_Aim of the exercise_: Of the lines in the material below, print only those from the one containing "05092015 associations en" to the one containing "階段を上りついた御堂には、「南無観世音菩薩」が彫られた金があります。", ends included, exactly as written and without pictures.

----- Record extracts -----

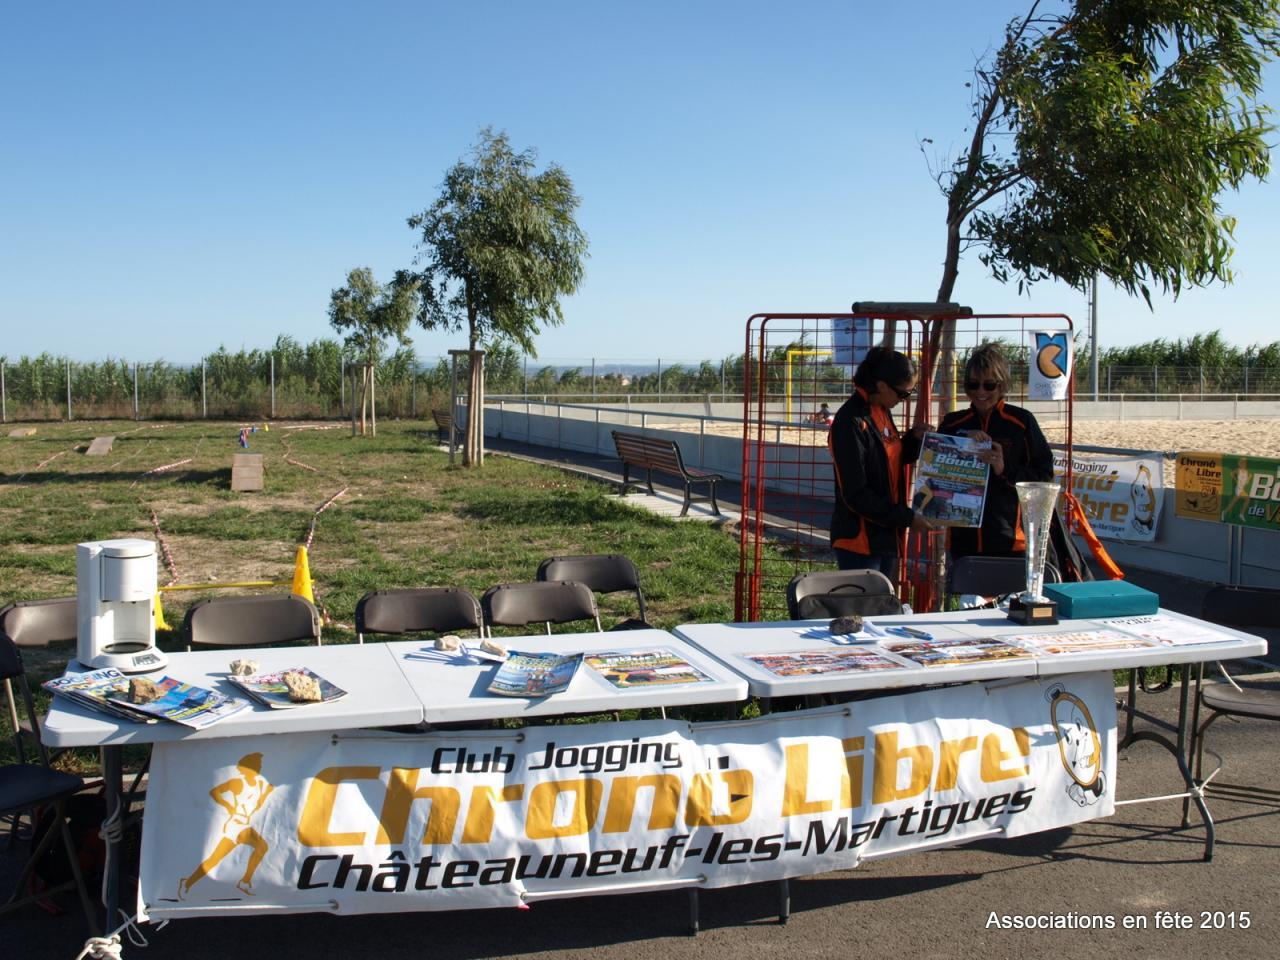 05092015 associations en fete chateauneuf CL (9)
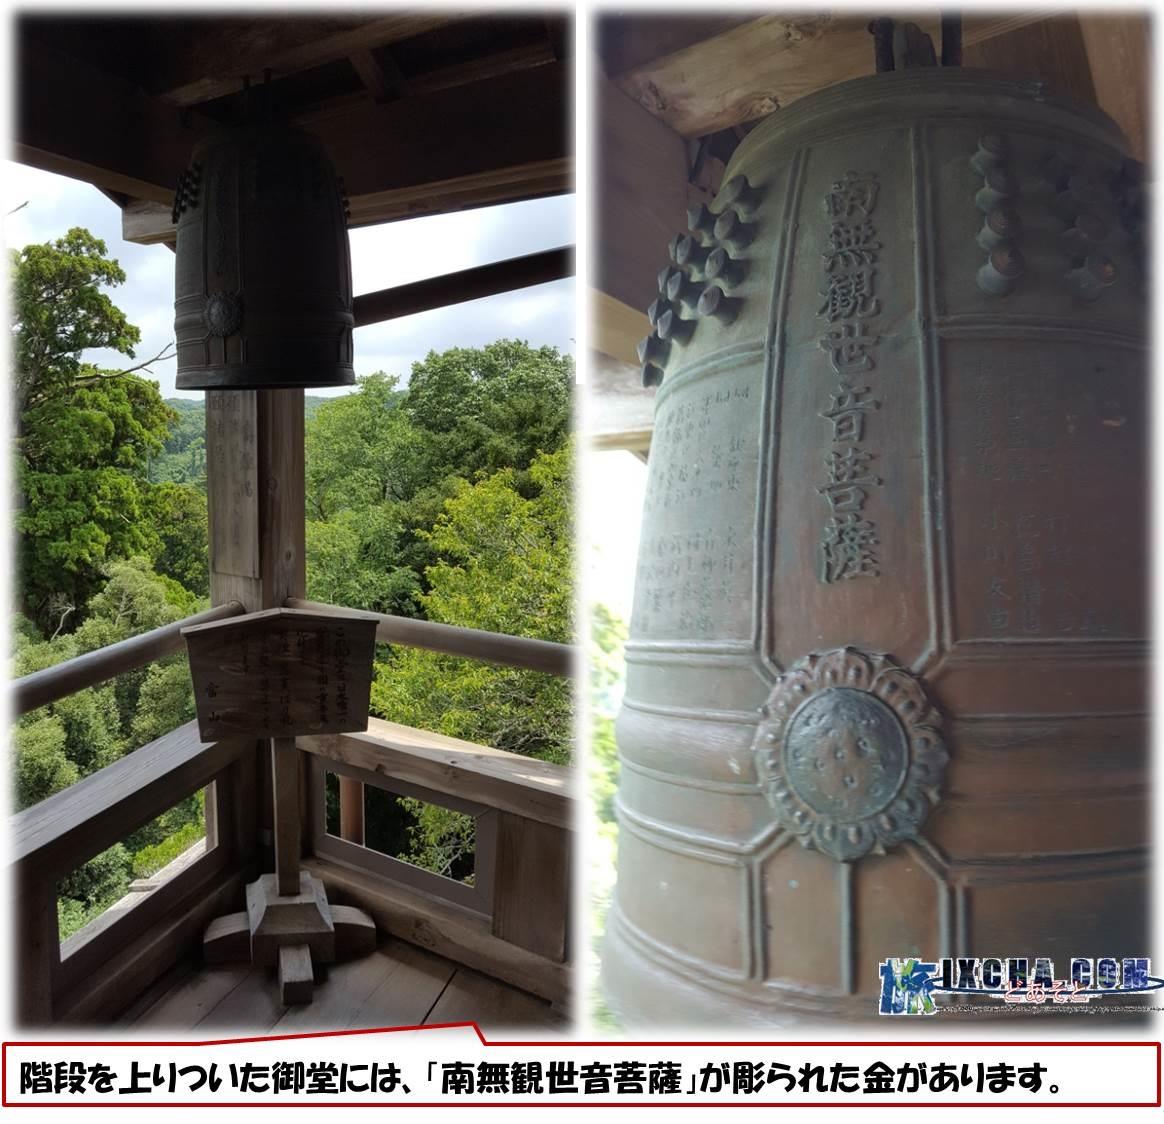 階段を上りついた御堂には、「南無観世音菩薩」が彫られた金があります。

-----
----- Record extracts -----

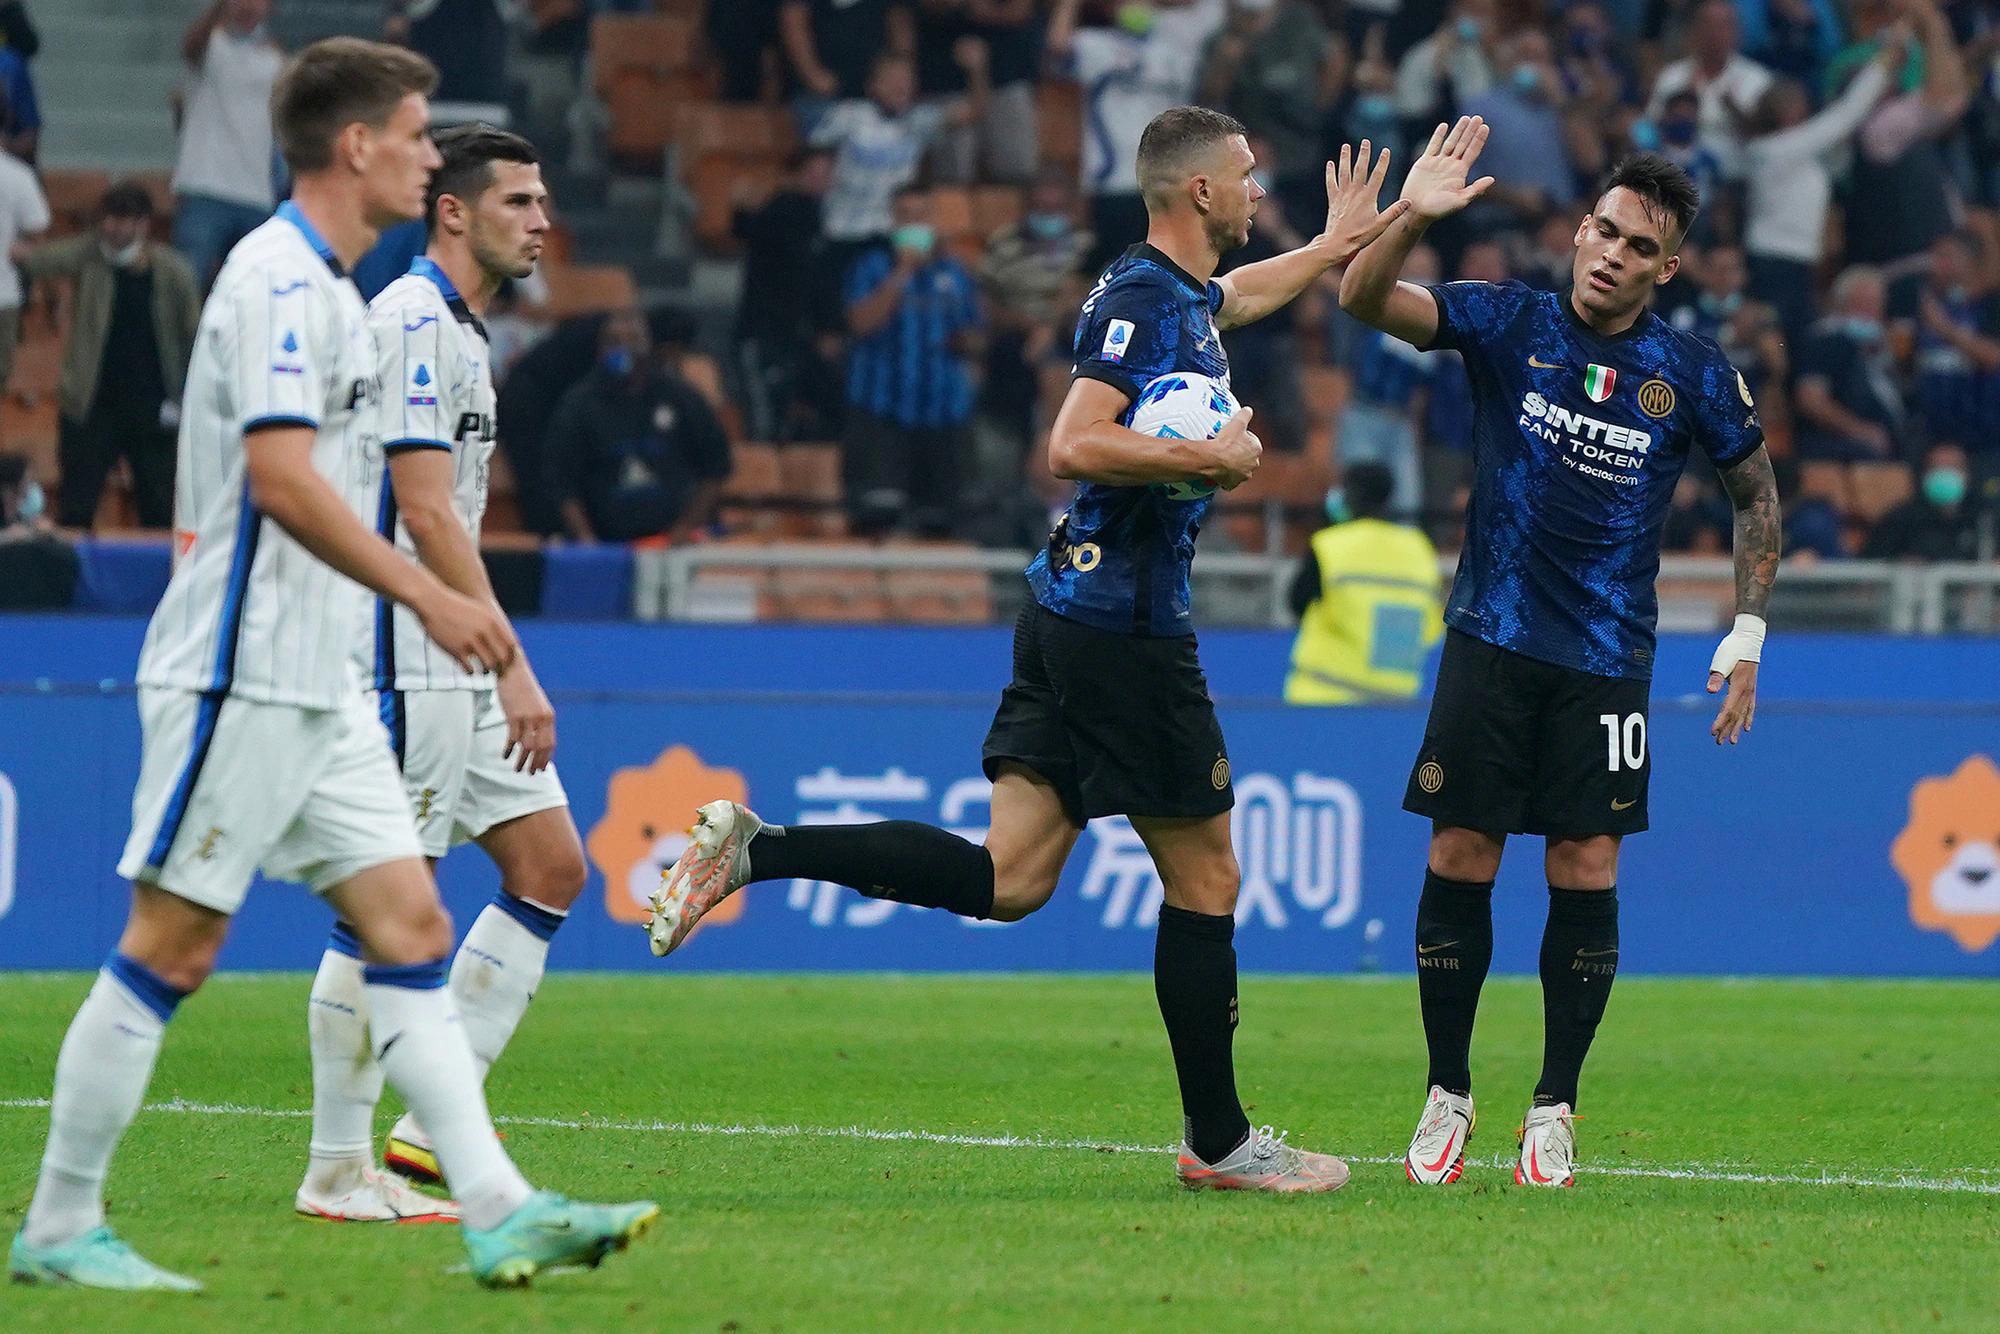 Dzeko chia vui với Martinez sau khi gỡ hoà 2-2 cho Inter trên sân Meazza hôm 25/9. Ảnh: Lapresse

-----
----- Record extracts -----

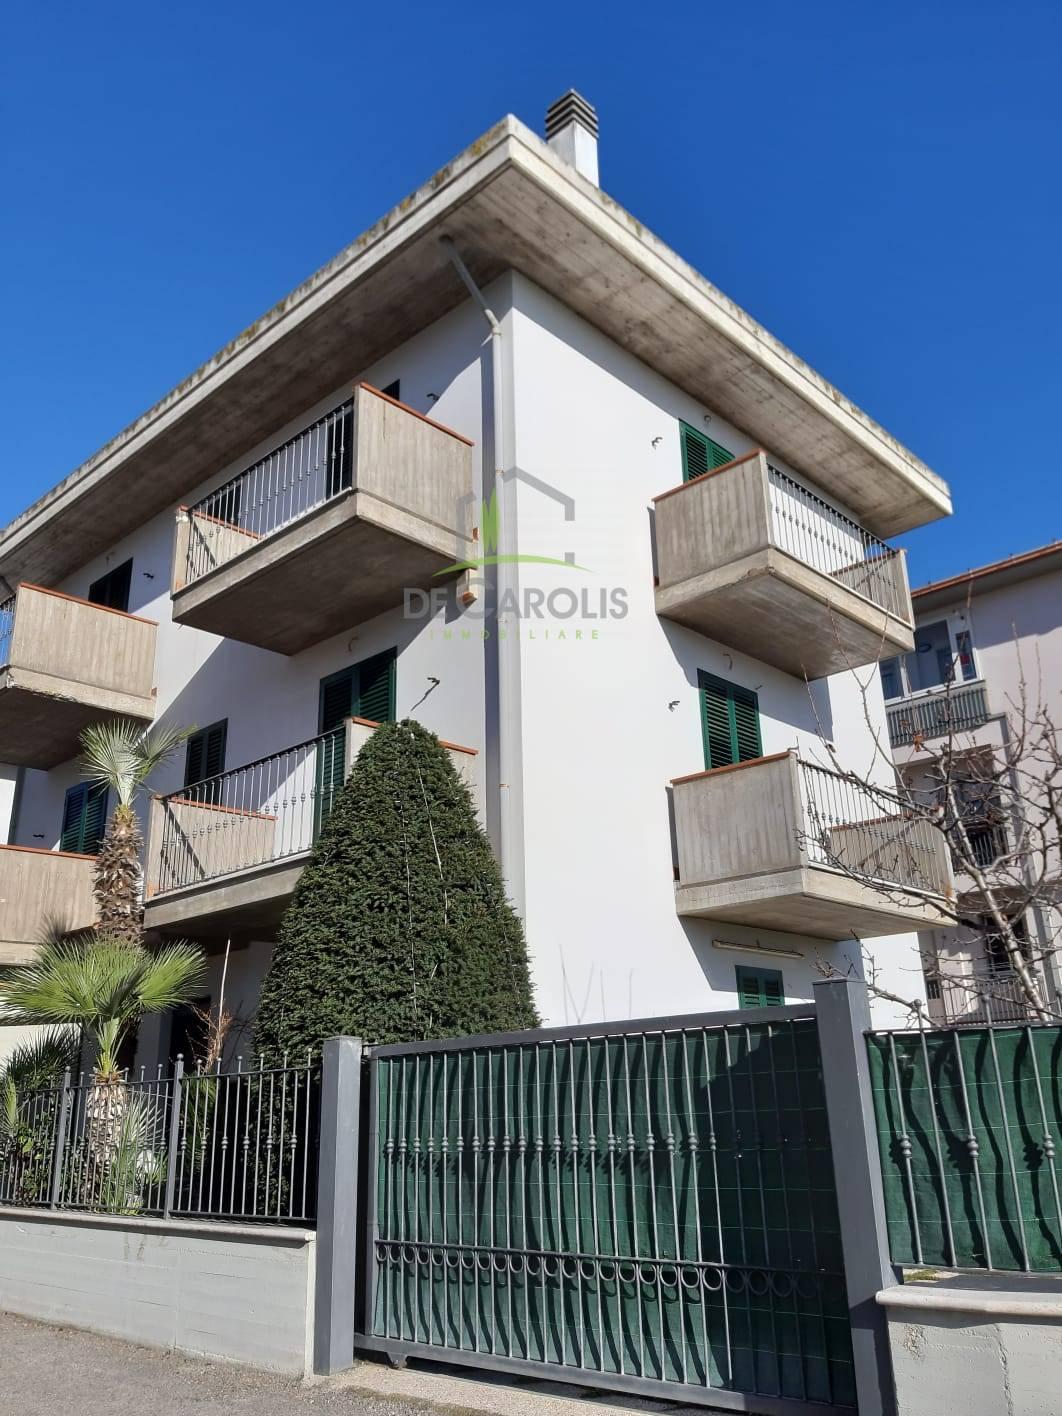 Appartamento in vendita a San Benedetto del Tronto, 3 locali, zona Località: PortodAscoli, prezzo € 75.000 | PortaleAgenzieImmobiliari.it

-----

_Exercise response_:
 05092015 associations en fete chateauneuf CL (9)
 階段を上りついた御堂には、「南無観世音菩薩」が彫られた金があります。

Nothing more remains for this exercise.